Jason Chin, senior director of bioinformatics at PacBio, talks about using long-read sequence data to generate diploid genome assemblies to produce comprehensive haplotype sequence reconstructions. In the presentation, Chin describes the FALCON Unzip process that combines SNP phasing with the assembly process and allows for determination of the haplotype sequences and identification of structural variants. He presents an example of diploid assembly from inbred Arabidopsis strains.

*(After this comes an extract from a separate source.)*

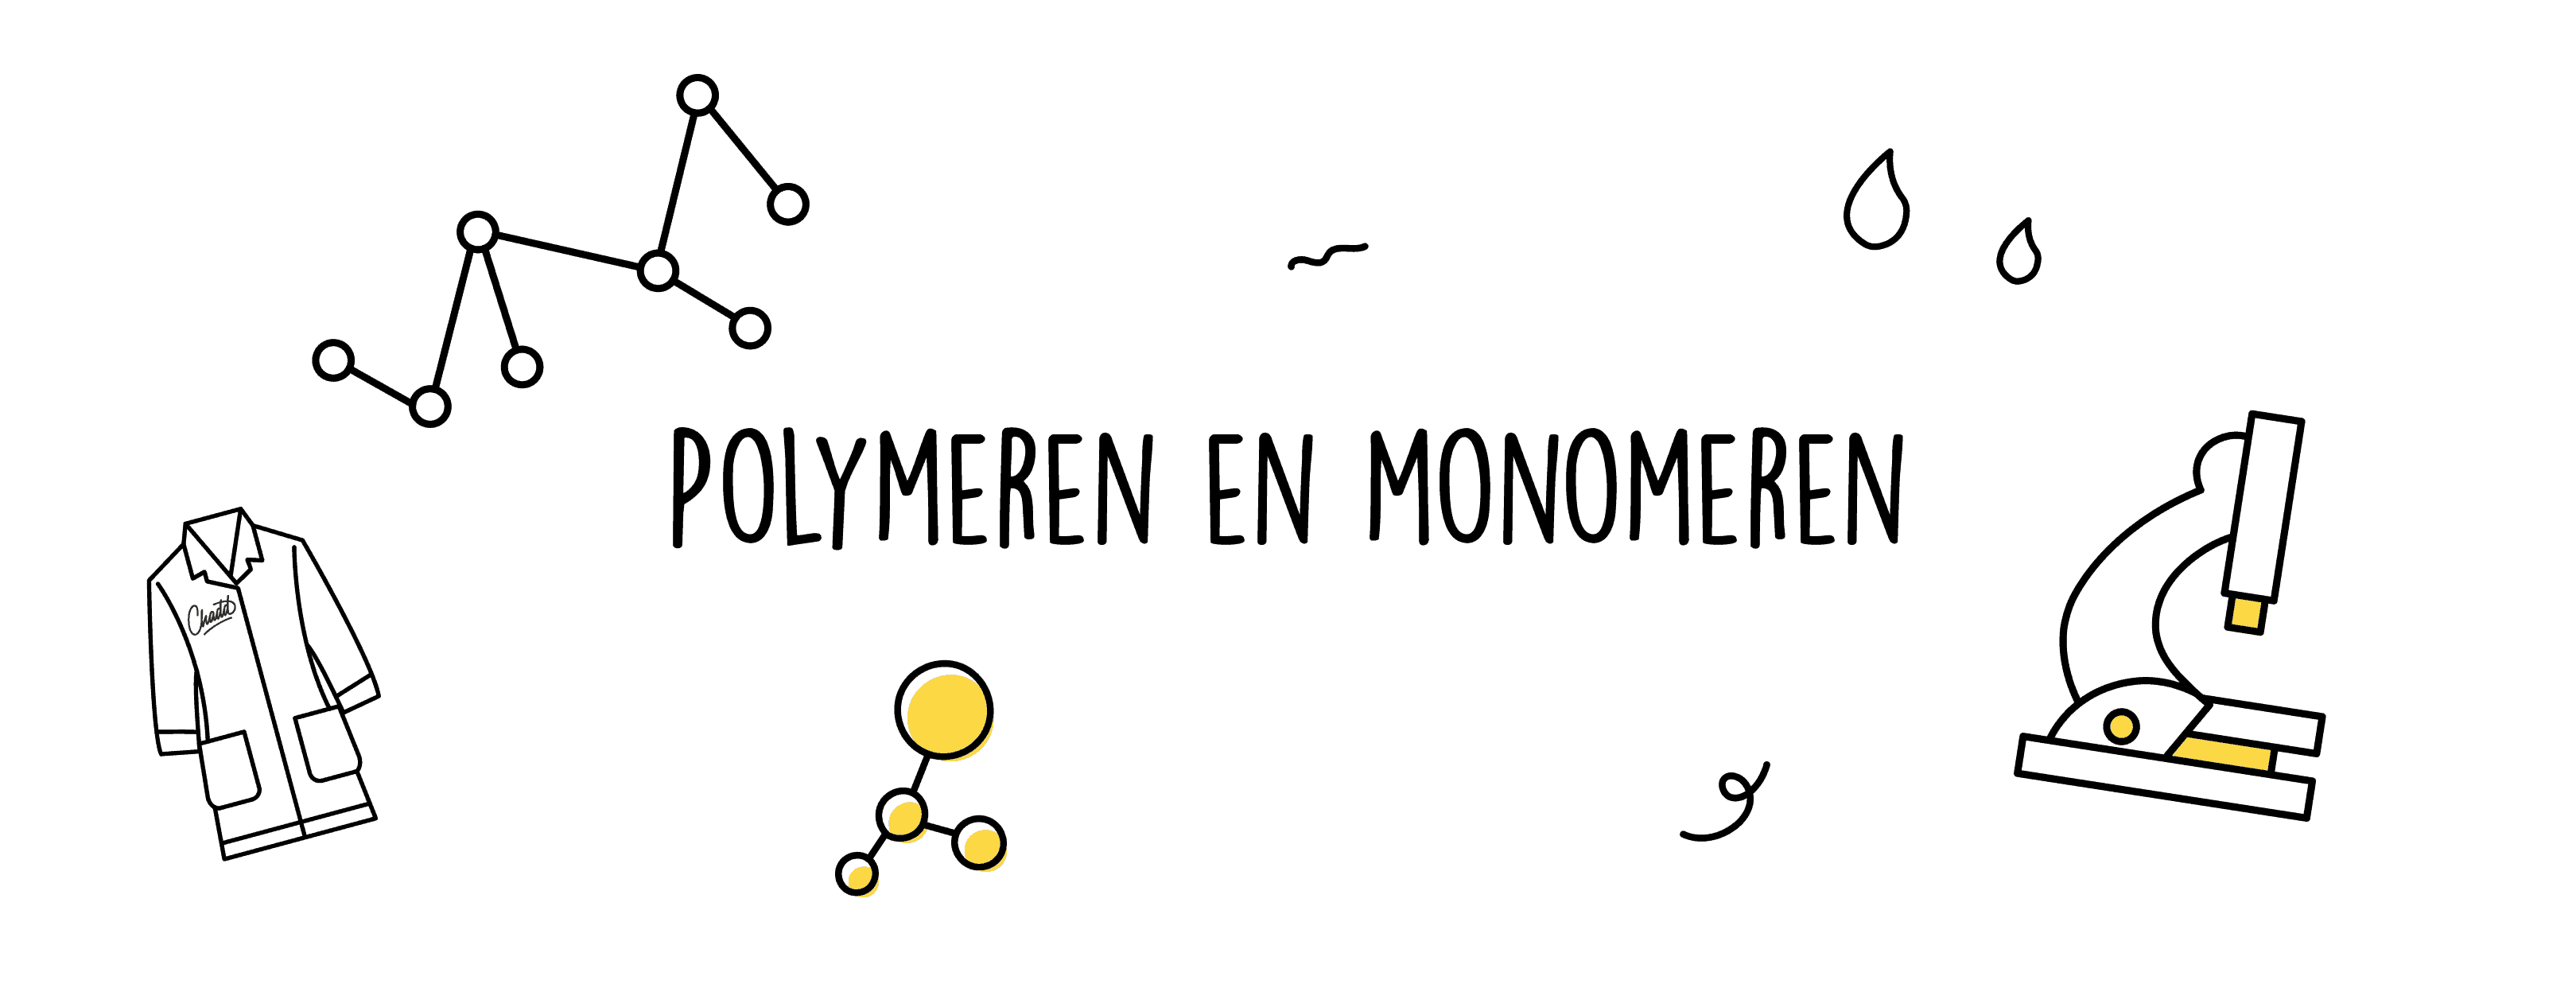 Polymeren en monomeren

David Kudrna, Rod Wing, and the Arizona Genomics Institute (AGI) plan to fully sequence and annotate the genomes and transcriptomes of 3-4 accessions from each of the estimated 9-15 subpopulation of rice. These subpopulation-specific references will be used to map resequencing data of 3,000 individuals for variation discovery, GWAS, and genomic selection studies to address important traits such as biotic and abiotic stress tolerances, yield, and grain quality. Here Dr. Kudrna presents the first high-quality genome sequence of the rice variety Nagina22. AGI produced and assembled 65-fold coverage of SMRT Sequencing data, resulting in an assembly of 373 Mb with…
Alan Archibald compares two new de novo PacBio pig genome assemblies to a previously released draft genome, finding significant improvement that could be important for breeding programs. In one example, he shows chromosome 1, which was split into more than 9,000 contigs in the draft genome, is now represented in just 10 contigs.